Reputation: 47
I'm attempting to reproduce the following code across 36 seperate columns in a df. So instead of having to retype this code 36 times, how can I apply a function that will produce 36 different "Values" based on each different column? The columns in the df I need to apply them to are 41:77.
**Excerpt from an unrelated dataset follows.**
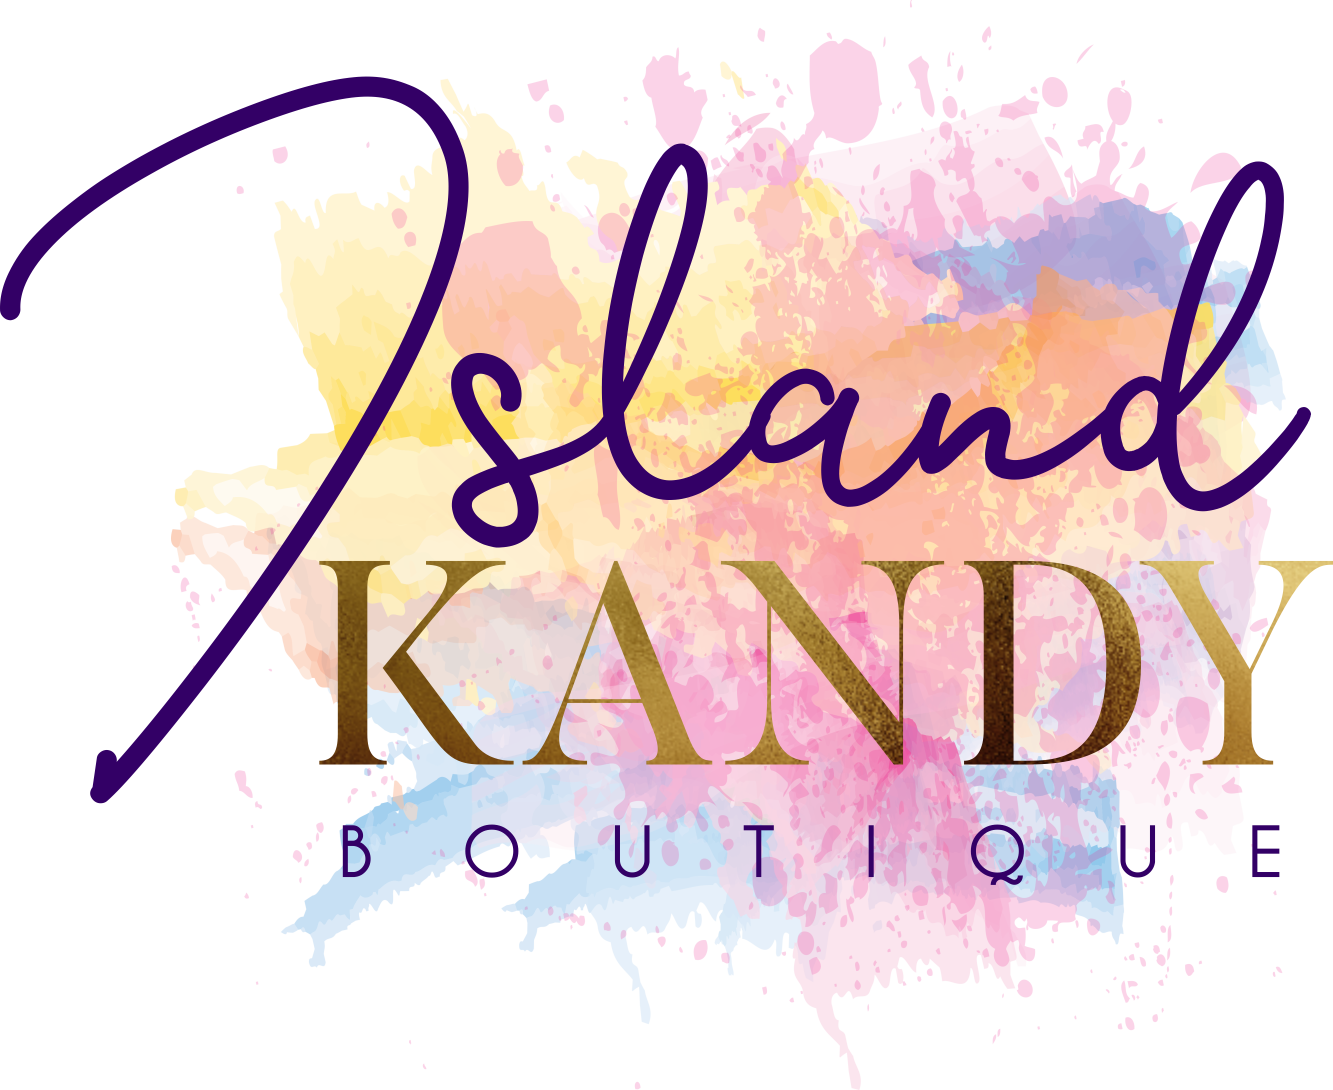 Island Kandy

number_of_ppl_1 <- nrow(df %>%
filter(percent_score_1 >= 80.0))
number_of_ppl_2 <- nrow(df %>%
filter(percent_score_2 >= 80.0))
The data looks like this:
percent_score_1 percent_score_2
90 80
100 60
60 90
In case it is not clear, I need to find out how many people in each column (percent_score) has greater than or equal to 80%.
Thanks!!
Upvotes: 0
Views: 205
Reputation: 389135
In base R, you can use colSums
and colMeans
to get count and percentage respectively.
#Count
colSums(df[41:77] >= 80, na.rm = TRUE)
#Percentage
colMeans(df[41:77] >= 80, na.rm = TRUE)
Upvotes: 1
Reputation: 16988
You could use tidyverse
:
library(stringr)
library(dplyr)
df %>%
summarise(across(41:77, ~ sum(.x >= 80))) %>%
rename_with(
~ paste0("number_of_ppl_", str_extract(.x, "\\d+")),
41:77
)
Upvotes: 1
Reputation: 49650
You can do this with sapply
using code like this:
percents <- sapply(mydf[41:77], function(x) mean(x >= 80)
If you want the count instead of the percent then replace mean
with sum
.
The tidyverse answer is probably something like this:
percents <- mydf %>%
select(41:77) %>%
map_dbl(~mean(.x >= 80)
Upvotes: 0